Matt Nelson – Word on Fire Blog
You may be the world’s most persuasive debater, but there will always be those for whom your every utterance —however true, charming, eloquent, and compelling—will be as vomit. These outliers we might call the Resistant. As apologists for the Christian faith, then, how might we efficaciously engage the Resistant?
Here are three options for your consideration:
Walk away and pray.
When interacting with the Resistant we may see no sign of them hearing us. Indeed, we may see no sign of them hearing themselves. In such cases, and for a variety of reasons, walking away may be both wise and prudent. Other times, we may discern it best not to walk in the direction of the Resistant in the first place.

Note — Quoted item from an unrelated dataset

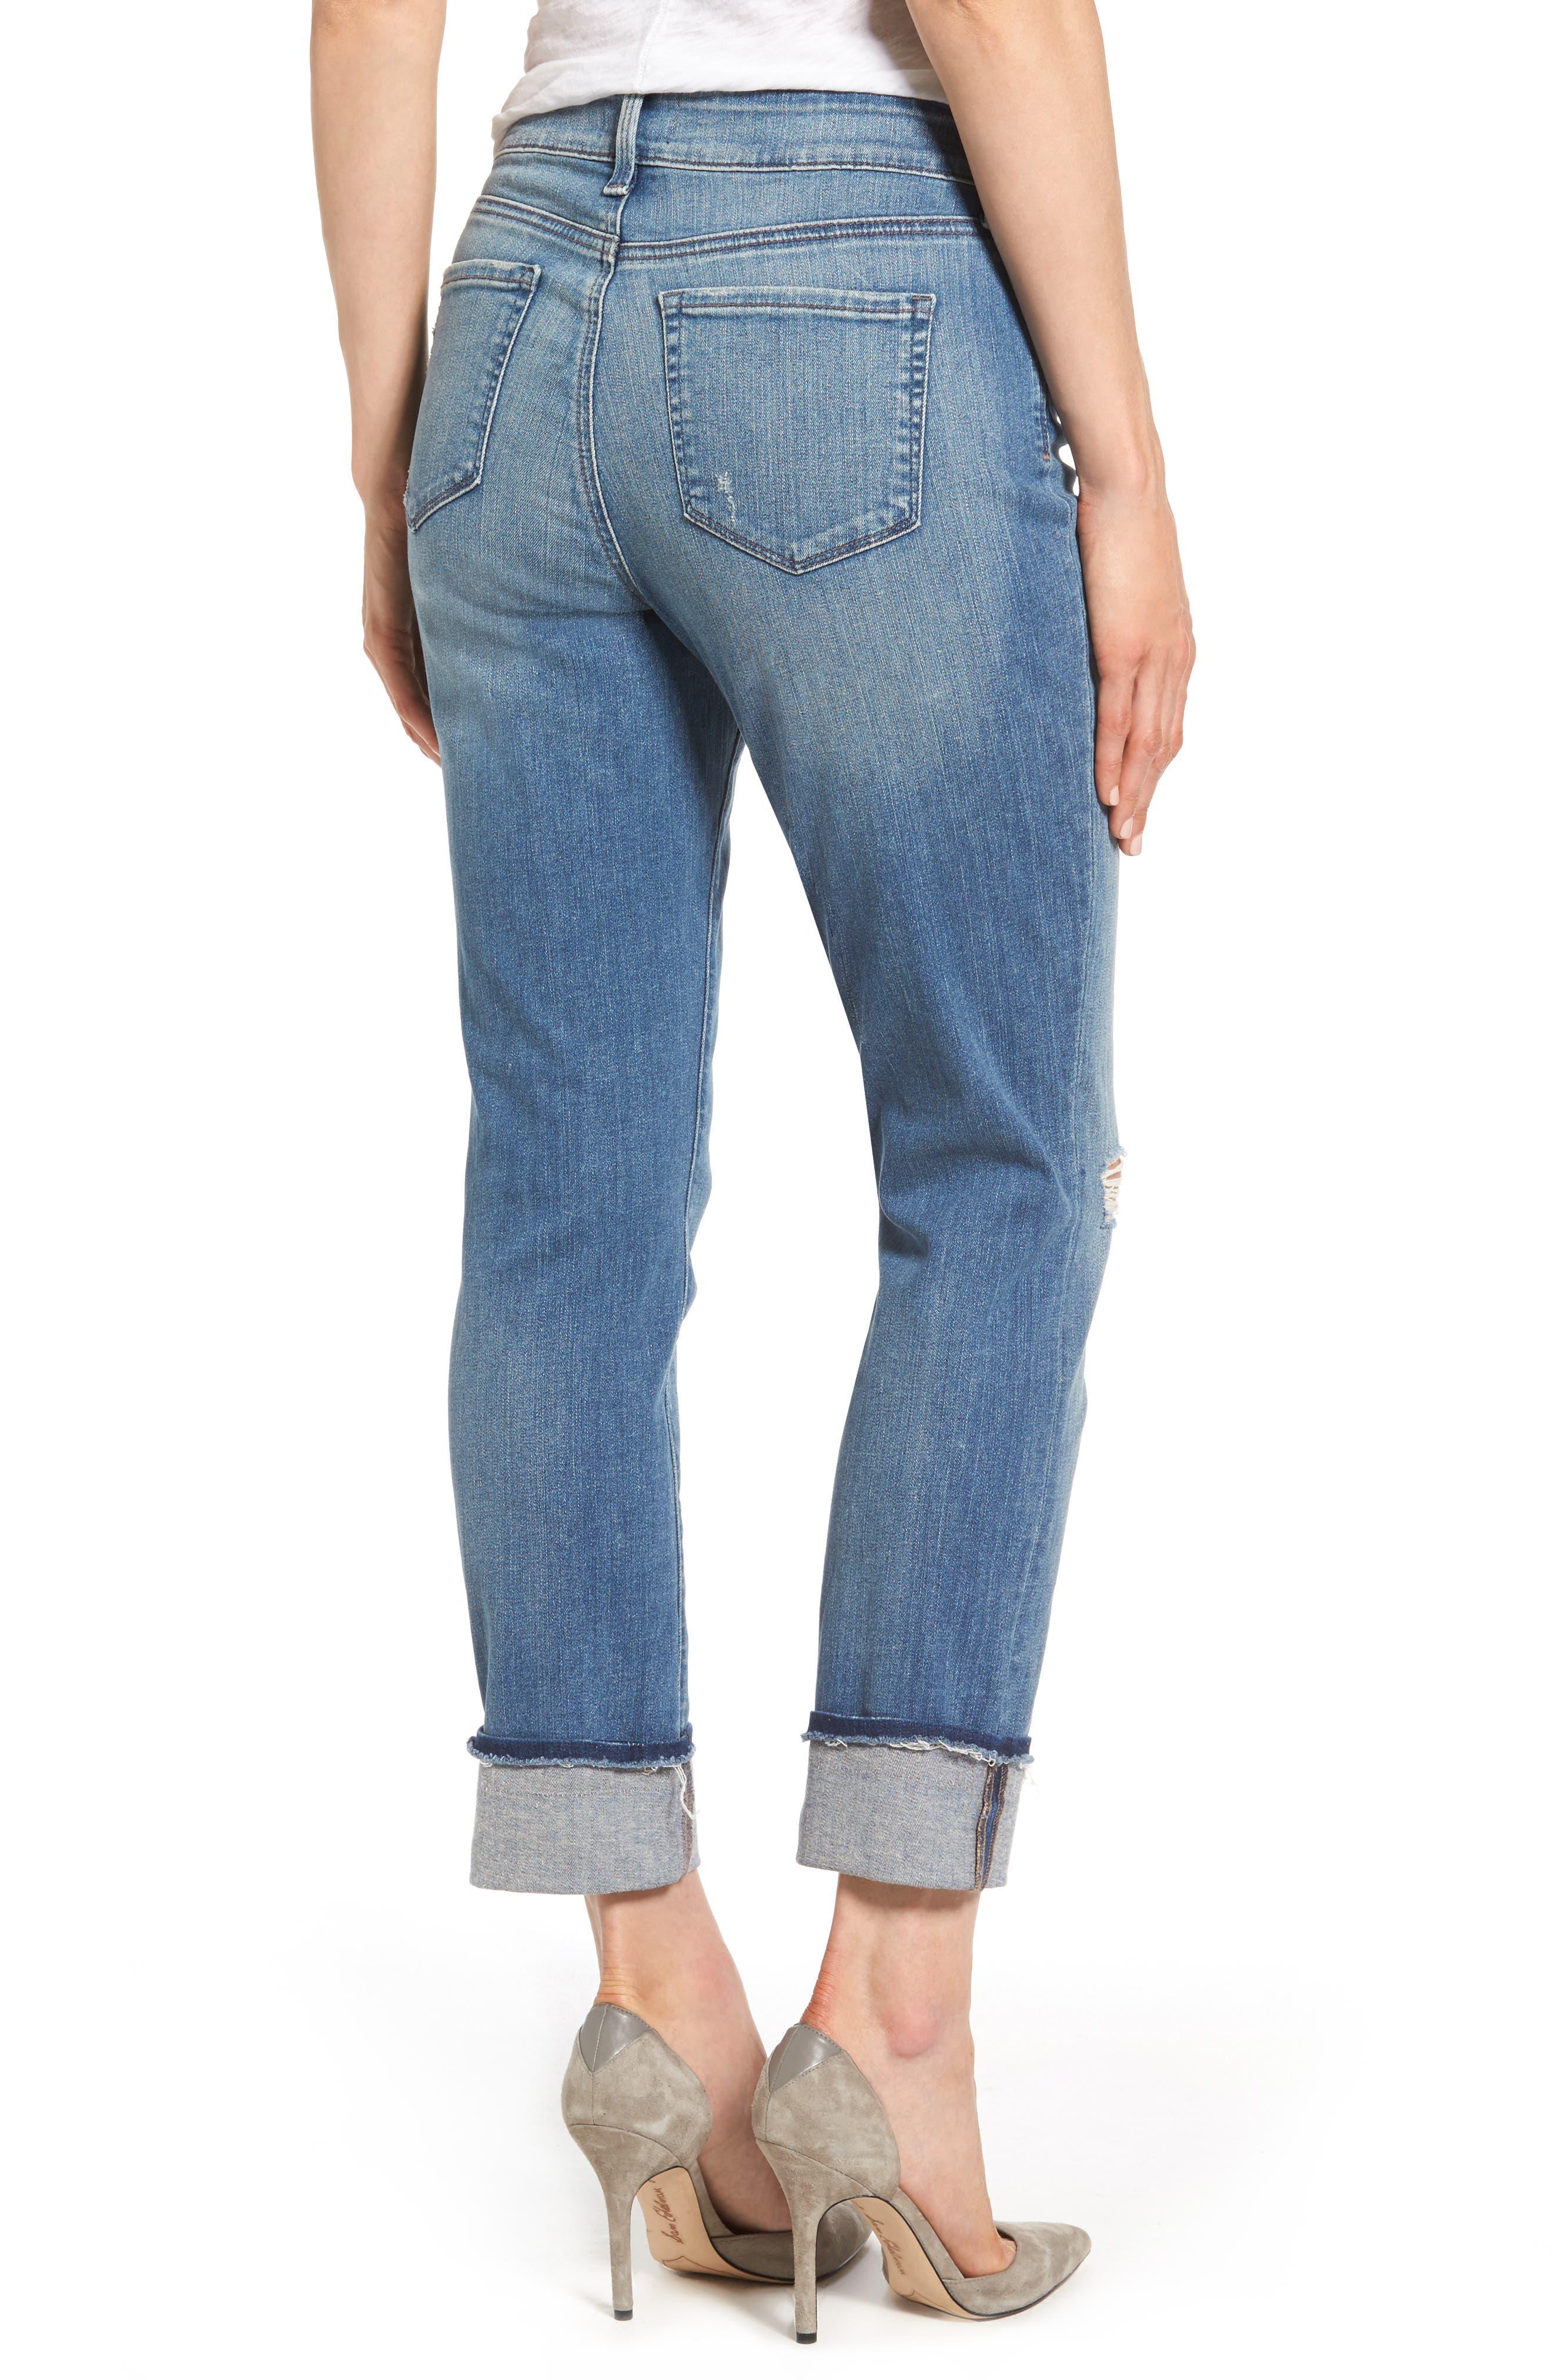 Alternate Image 2  - NYDJ Jessica Distressed Fray Cuff Boyfriend Jeans (Paloma Rip)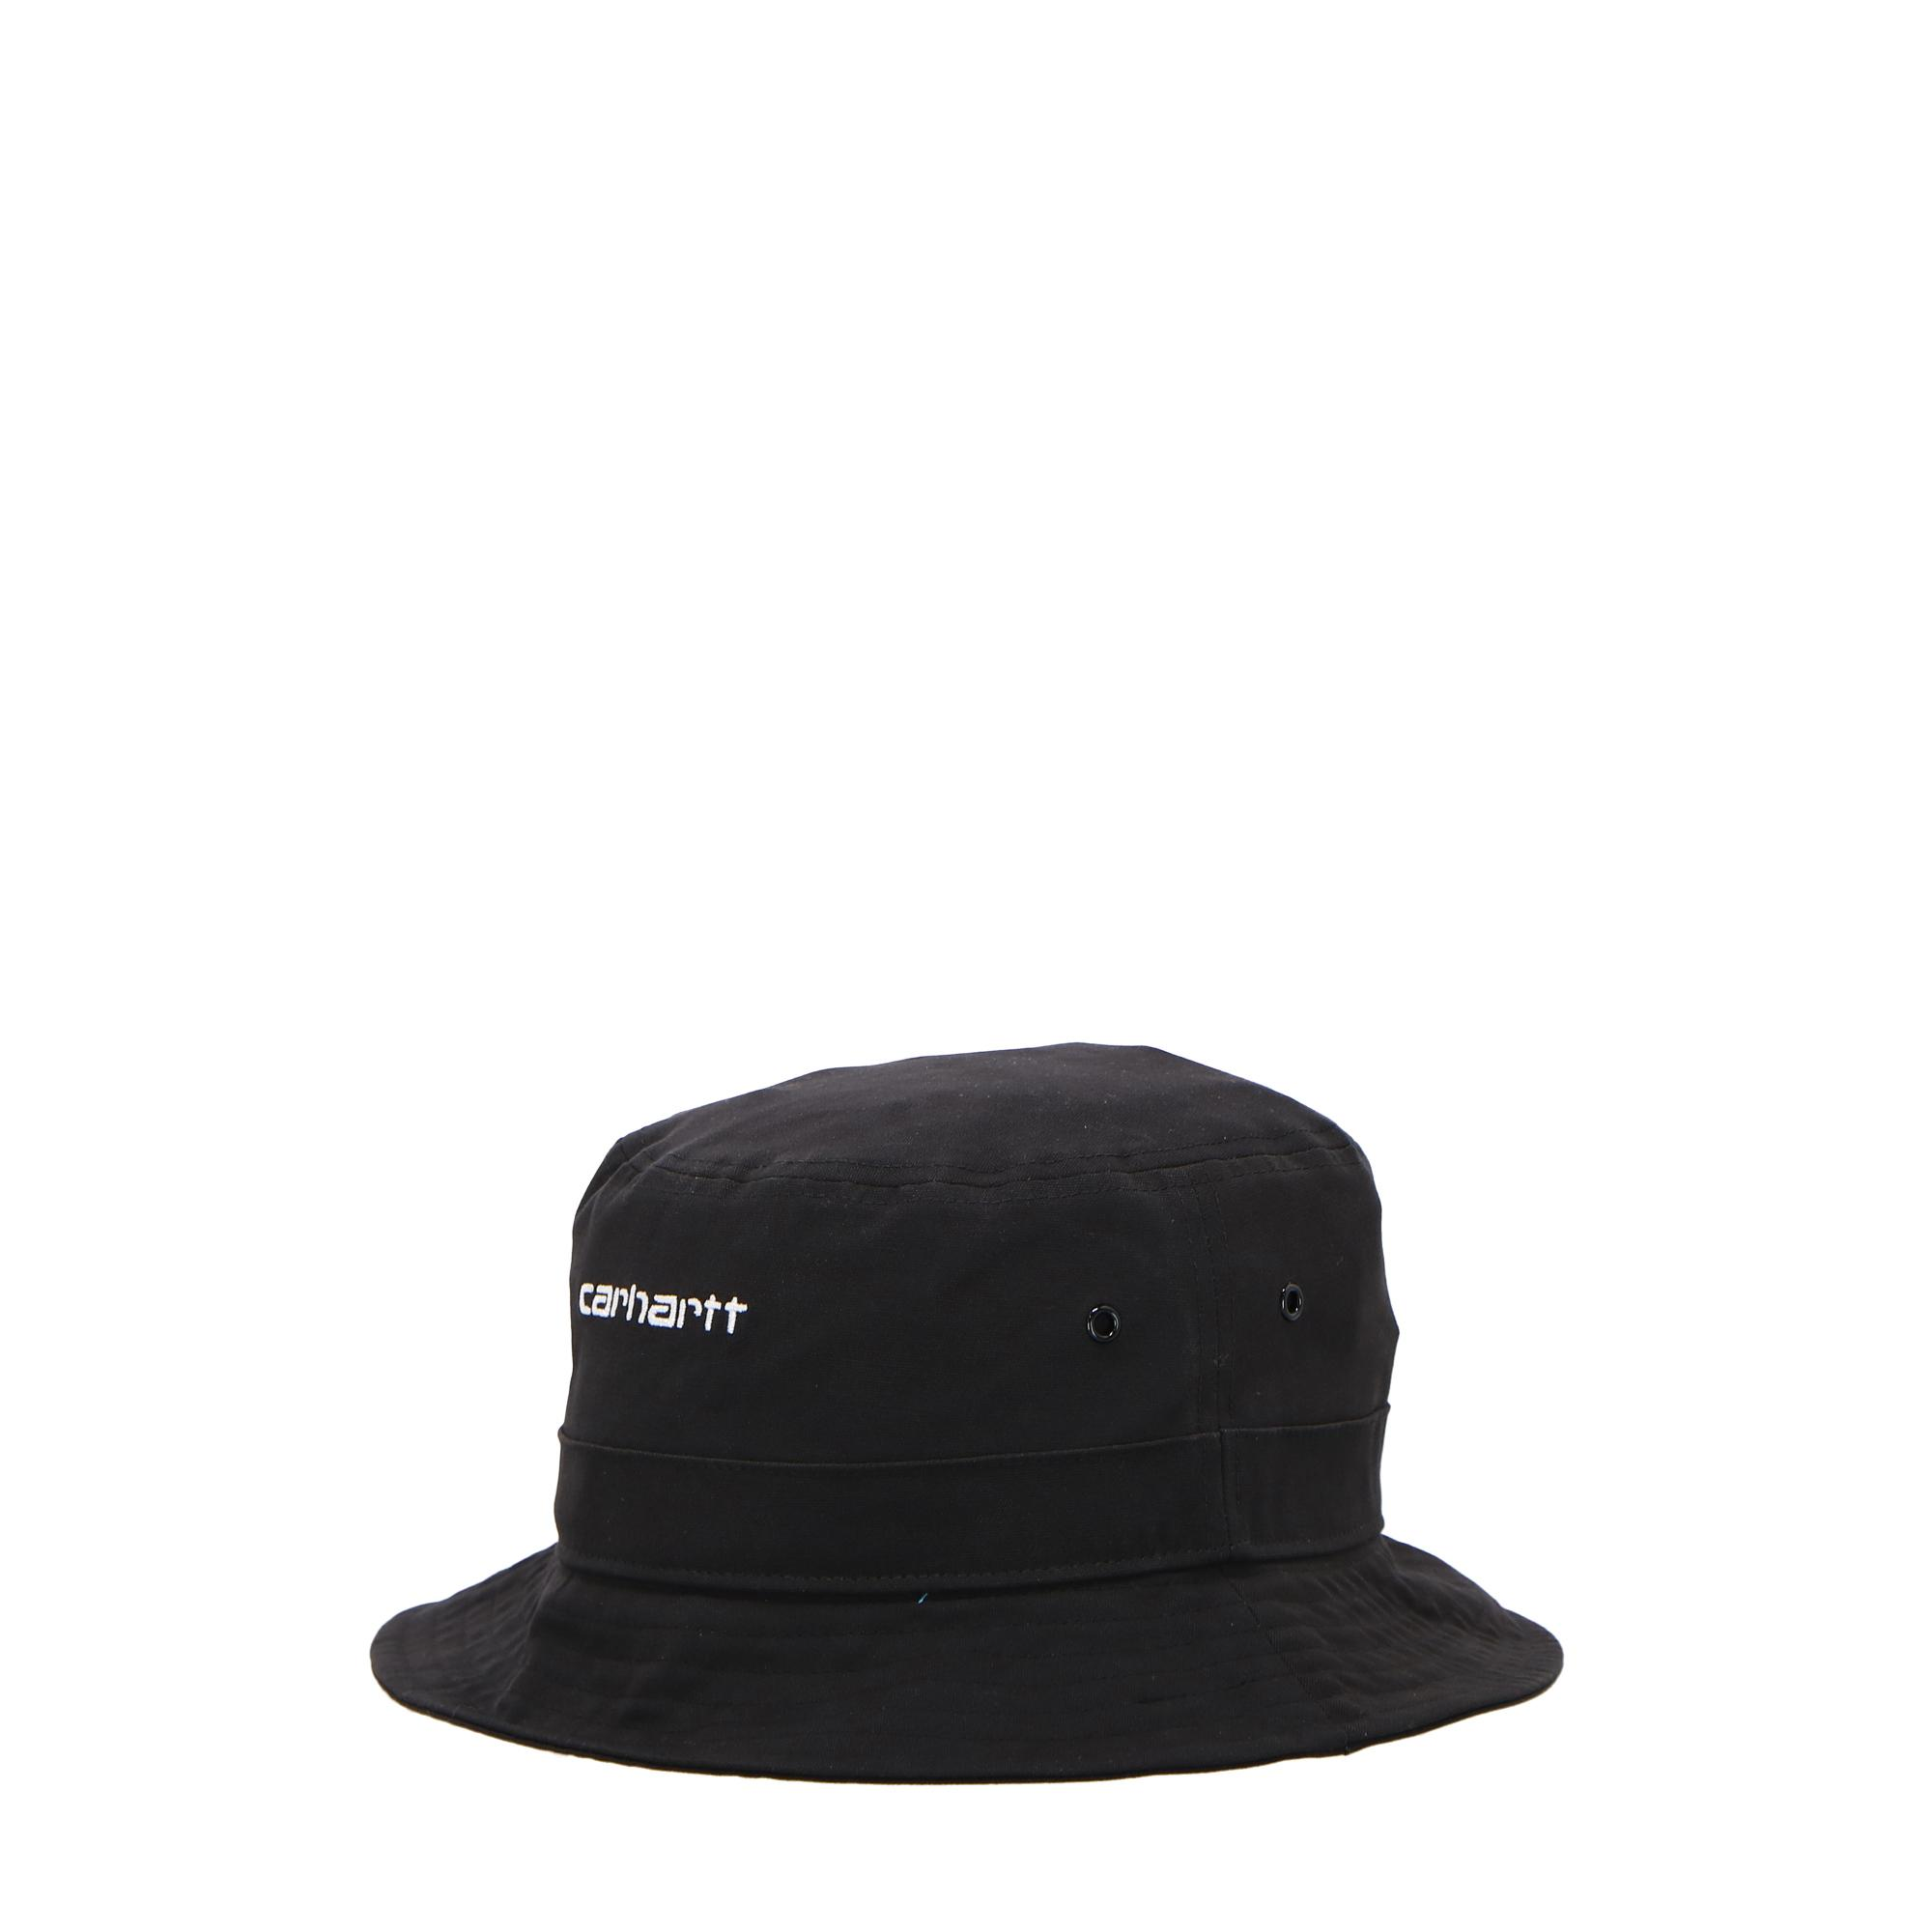 Carhartt Script Bucket Hat Black white

Invite the saints, and especially their guardian angels, to do the same. By doing this we submit the Resistant to the mercy, timing, and tactics of God, and let go of control.
Plant a pebble.
Your best option may be to offer small, stimulating points to ponder. Apologist Greg Koukl likens this tactic to putting a pebble in the shoe of the other. The goal is to humbly but powerfully offer an interesting insight that will penetrate through the irrational shell to the intellectual core. We want to offer “pebbles” that will unsettle those who disagree with us, even mildly irritate them, that in private they may find themselves staring off into the cosmos musing to themselves: “Maybe it is true!”
Argue vigorously.
Well, just because someone is excruciatingly impervious does not mean that they can’t be argued with to some avail. This is what we need to tease out. How, then, should the Resistant be argued with?
A) Start where you agree.
B) Become well-acquainted with common logical fallacies.
C) Become well-acquainted with common rhetorical tricks.
Sometimes our best move will be to create or maintain distance between ourselves and our critics. Other times some tactful though subtle argumentation may be best, the placing of a pebble in our intellectual opponents’ shoes—but nothing more. And in some cases, an all-out intellectual sparring match may be called for. For there are some among the Resistant who are more easily disarmed than you imagine, who don’t know they’re committing logical fallacies, who don’t know how ill-nuanced the slogans are that they hold. You might be the first one to show them their unreasonableness. Then again, you might be the hundredth, but the first to meet with any success.
Whatever the future holds, the time is now for preparing to make a defense of the hope that is within you. That’s St. Peter’s command to us all (1 Pet. 3:15). But we should also never forget that without prayer, wisdom, and discernment, all intellectual preparation is futile.